The data clearly show the great potential of conductometric biosensors. However, this is still a fairly new trend in biosensors, so commercial device development has a promising future.
New methods
Some scientists have described a general method for measuring pKa by conductance. This method was widely used until about 1932 (before pH measurement methods were used). The conductometric method is extremely sensitive to temperature and cannot be used to measure overlapping pKa values. A possible advantage for samples without a chromophore is that it can be used in very dilute solutions, down to 2.8 × 10-5 M. In recent years, conductometry 87 has been used to measure the pKa of lidocaine, although the result obtained was 0.7 per unit below the generally accepted pH value.

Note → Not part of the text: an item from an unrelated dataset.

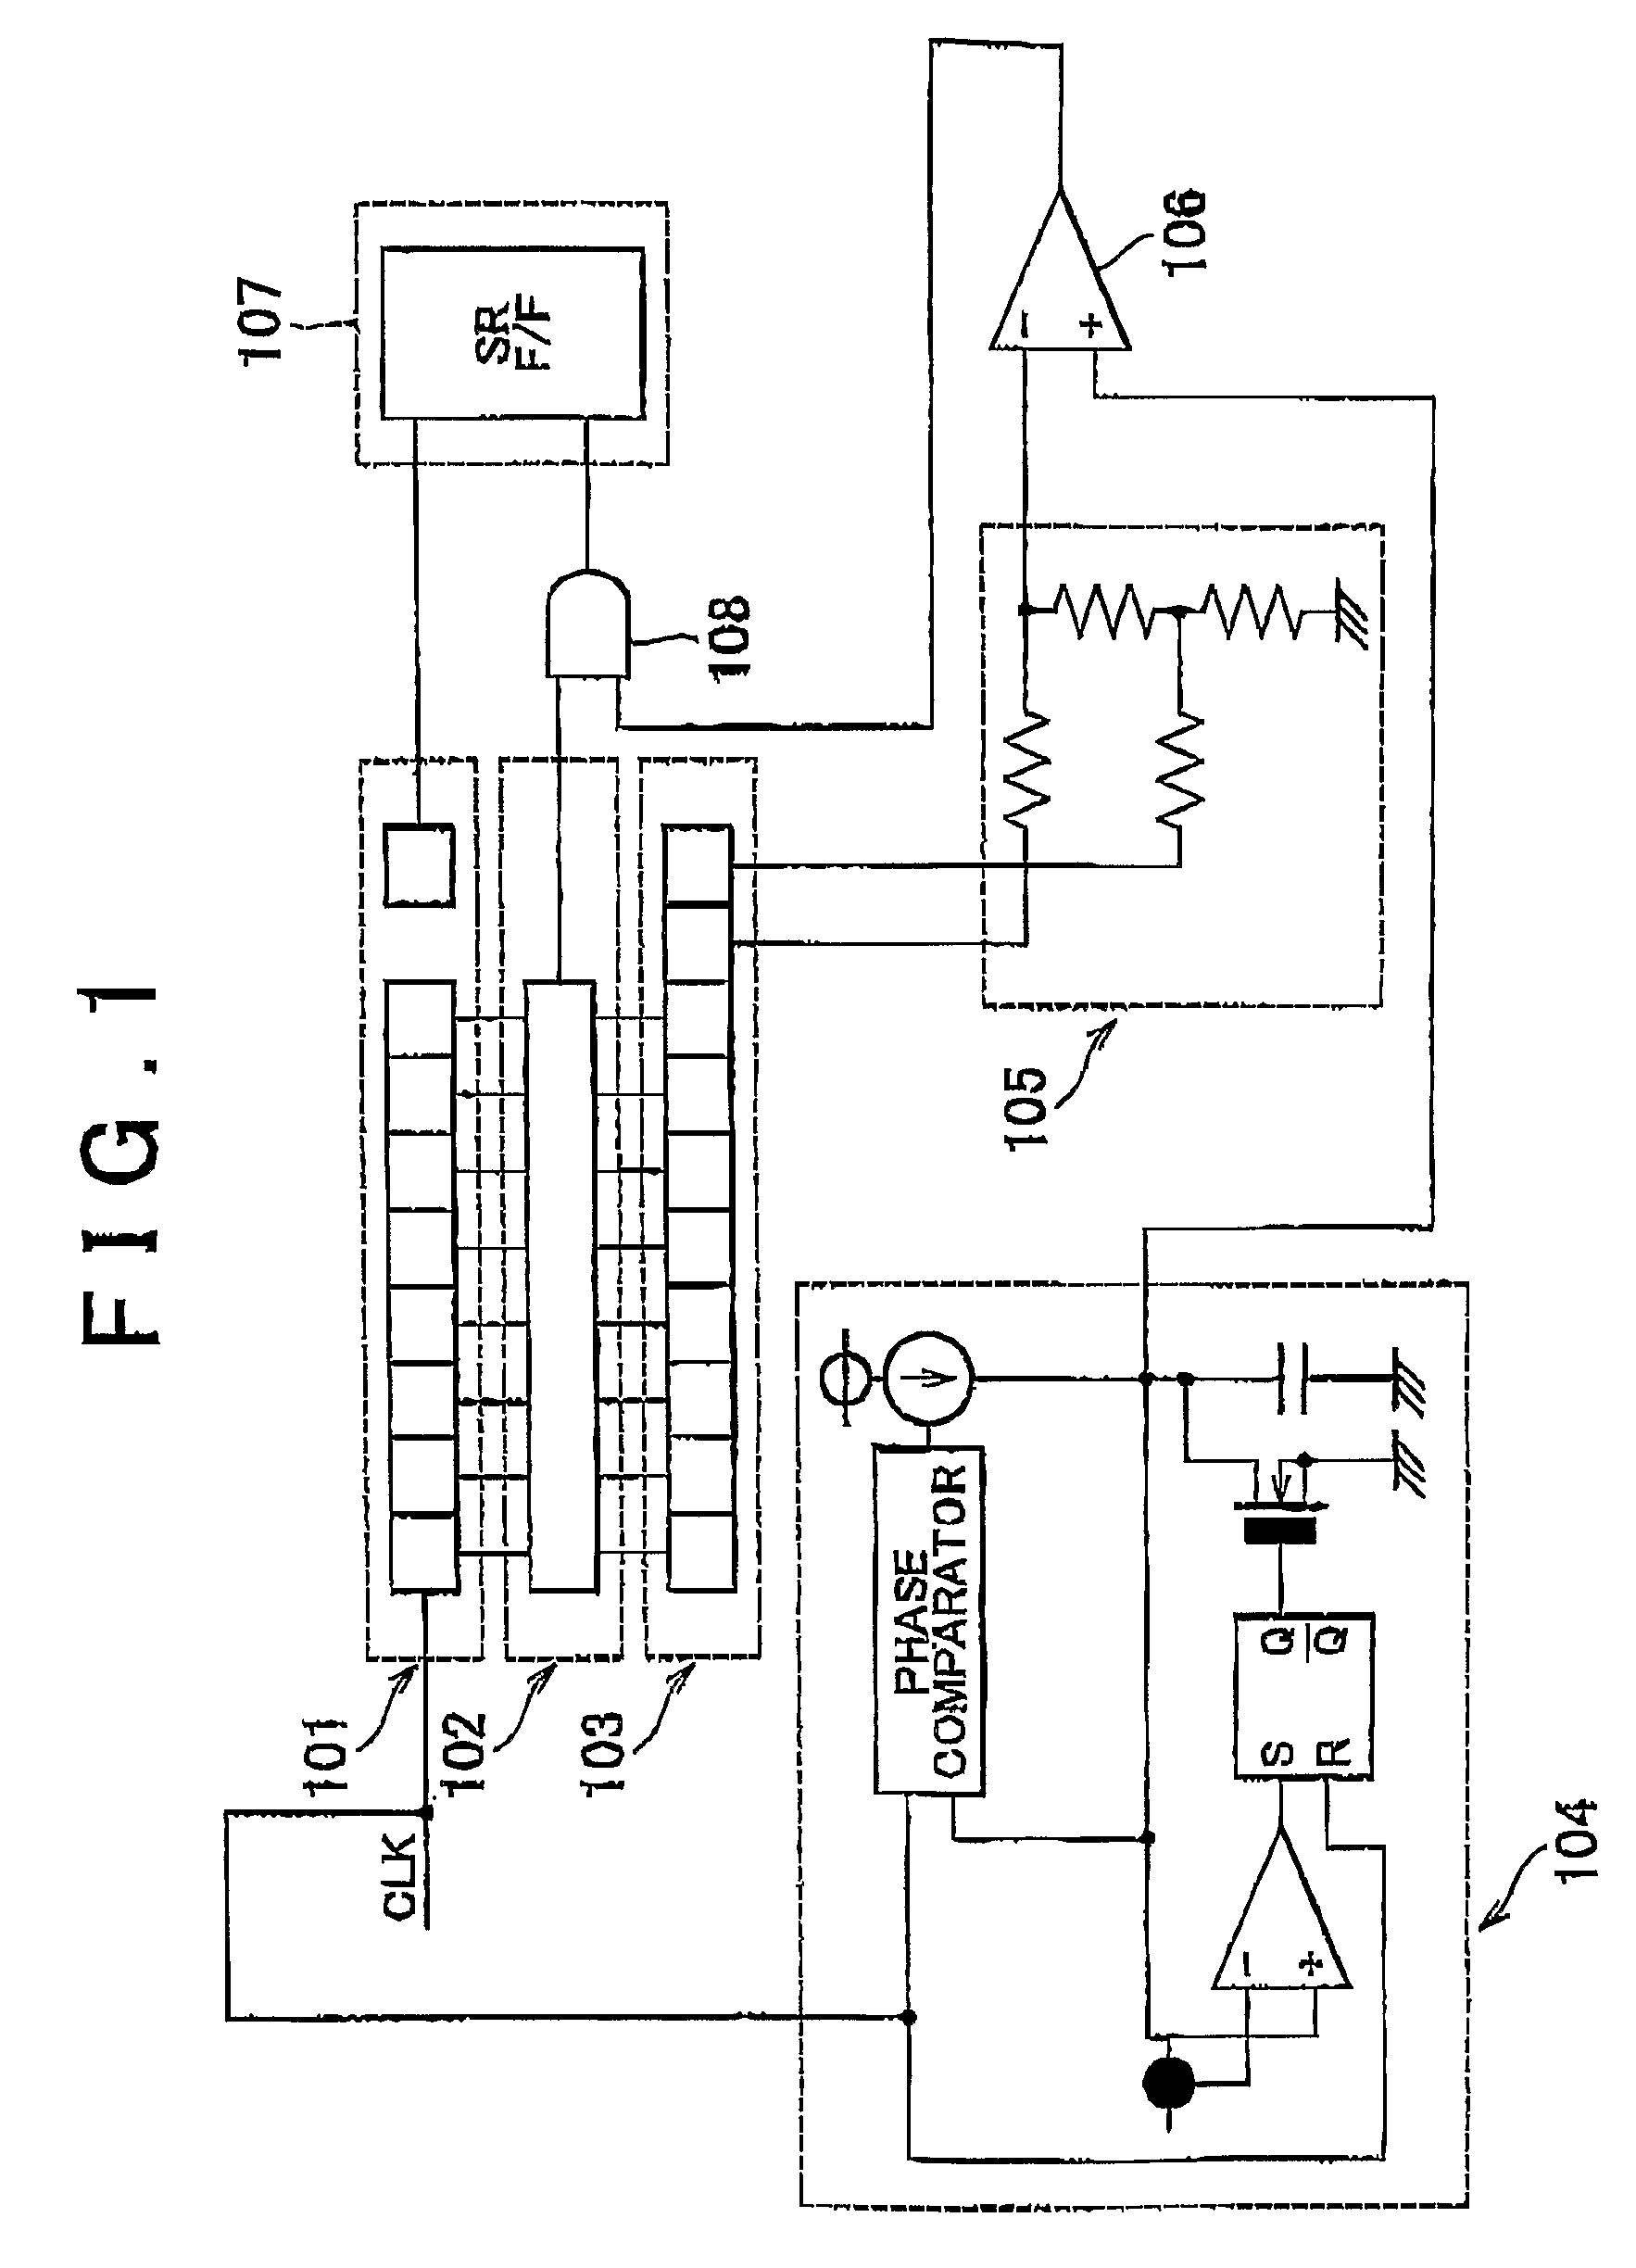 PWM signal generating circuit

Albert and Sergeant also described a method for determining pKa from solubility measurements. As mentioned above, solubility is dependent on pKa, so if solubility is measured at multiple pH values on a curve, pKa can be determined. Peck and Benet described a general method for estimating pKa values for monoprotic, diprotic, and amphoteric substances given a set of solubility and pH measurements. Hansen and Hafliger obtained the pKa of the sample, whichrapidly decomposes by hydrolysis from its initial dissolution rates as a function of pH in a rotating disc device. The result agrees well with the pH/UV result, but decomposition makes the latter method difficult. This is, by and large, a description of the conductometric method of analysis.